* Instructions for the task: The whole listing, exactly as given: write it out, leaving out each image.

* Data block:
● ● ● ● ●

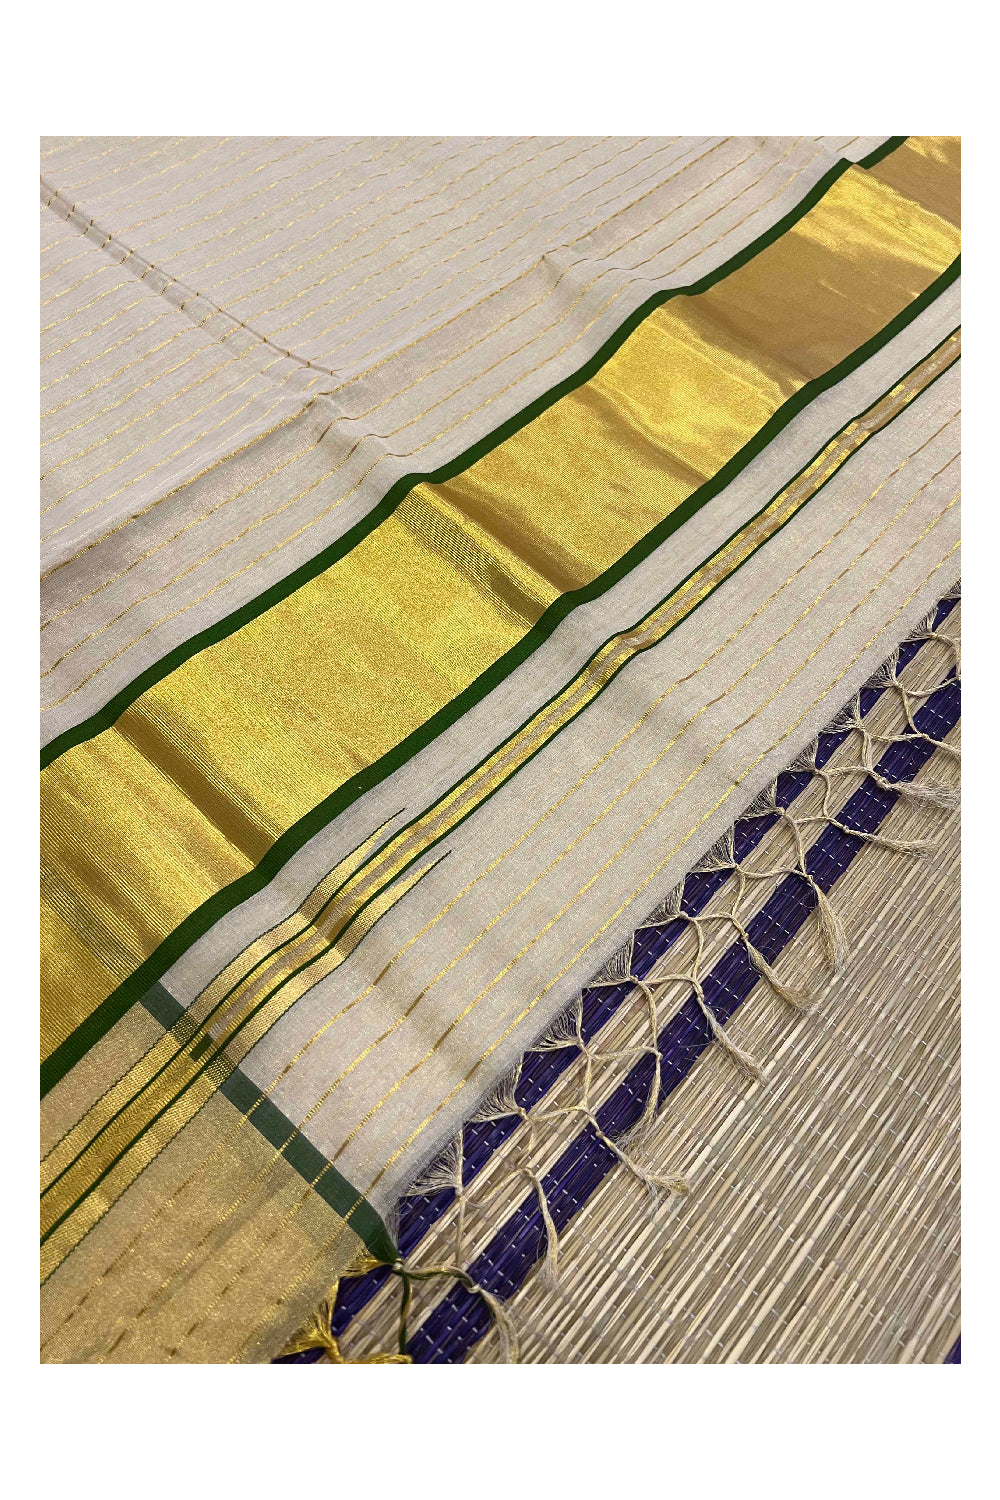 Southloom Premium Kuthampully Handloom Stripes Work Tissue Saree with Green Border
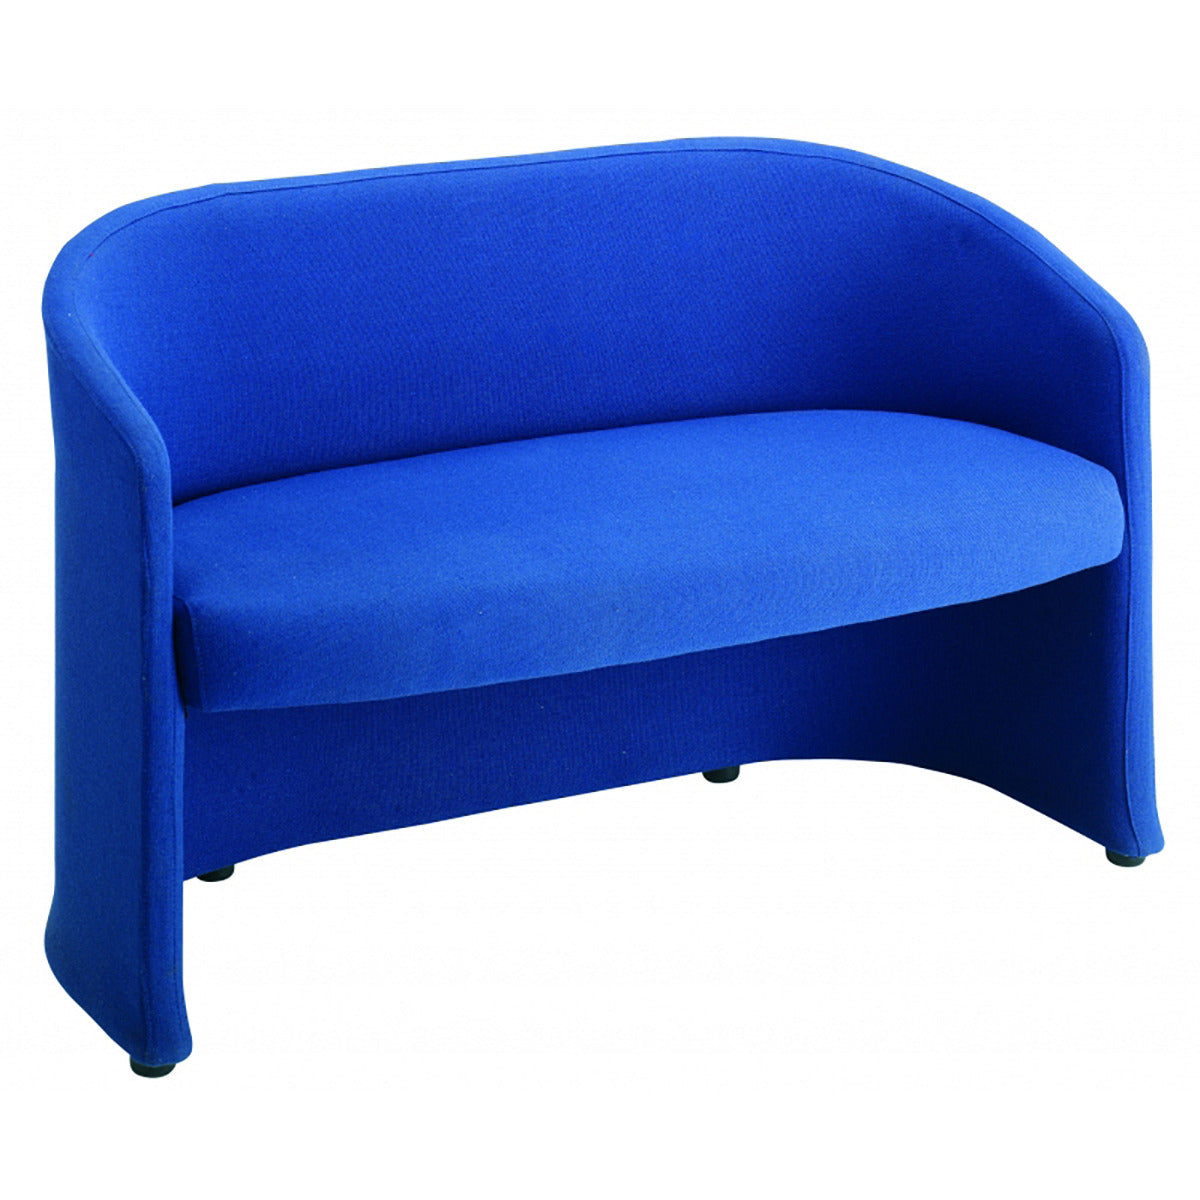 Slender Fabric Sofa - Black or Blue - 1 & 2 Seater Available
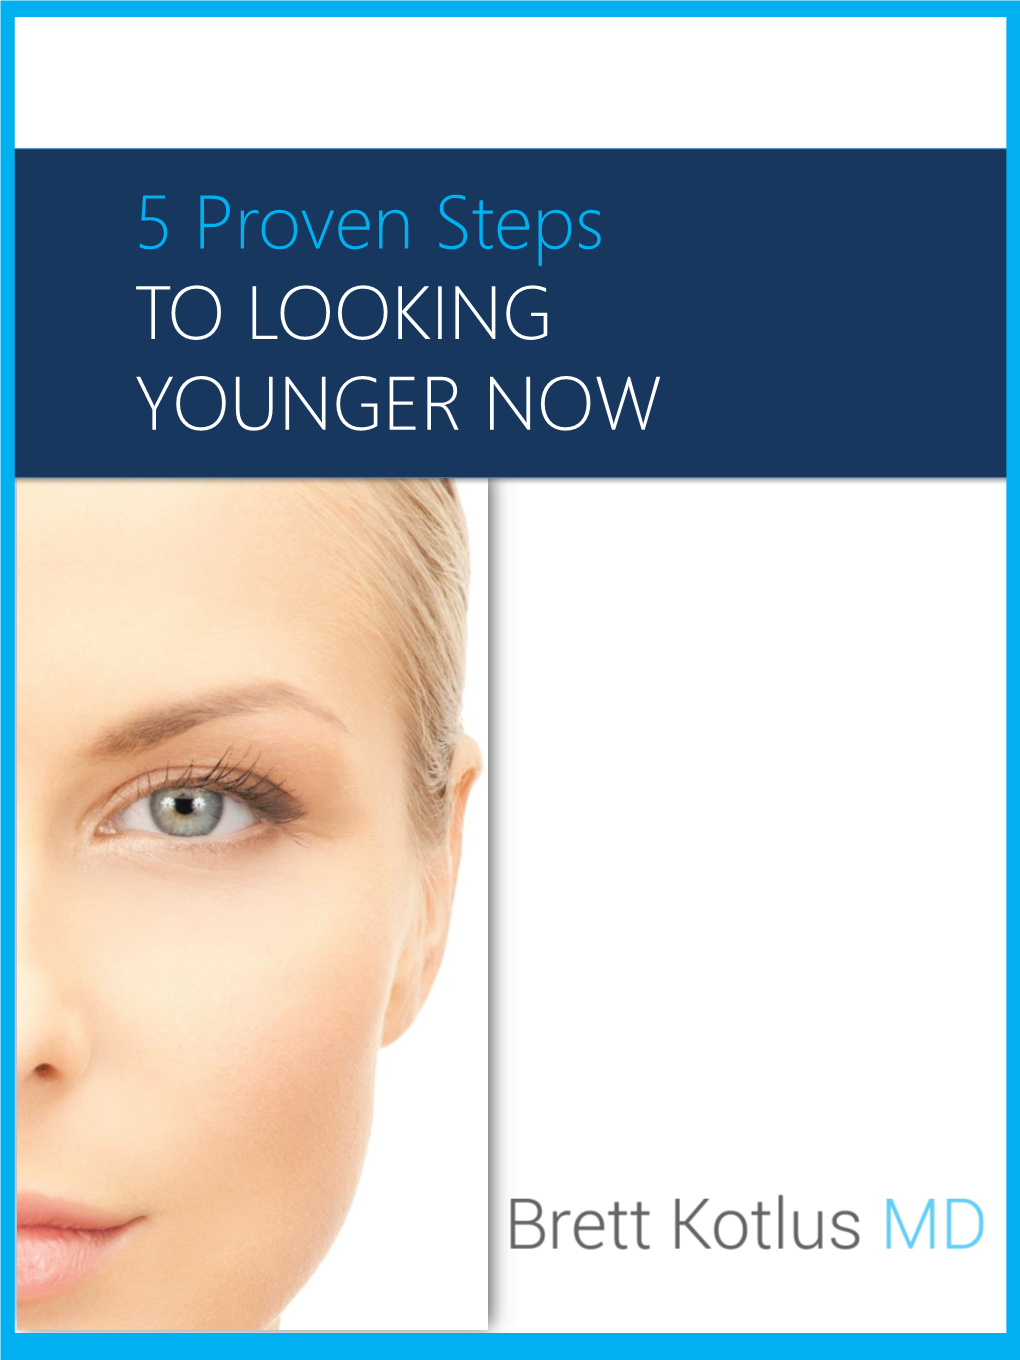 5 Proven Steps to LOOKING YOUNGER NOW TABLE of CONTENTS

● ● ● ● ●

* Response area:
 Southloom Premium Kuthampully Handloom Stripes Work Tissue Saree with Green Border
 Slender Fabric Sofa - Black or Blue - 1 & 2 Seater Available
 5 Proven Steps to LOOKING YOUNGER NOW TABLE of CONTENTS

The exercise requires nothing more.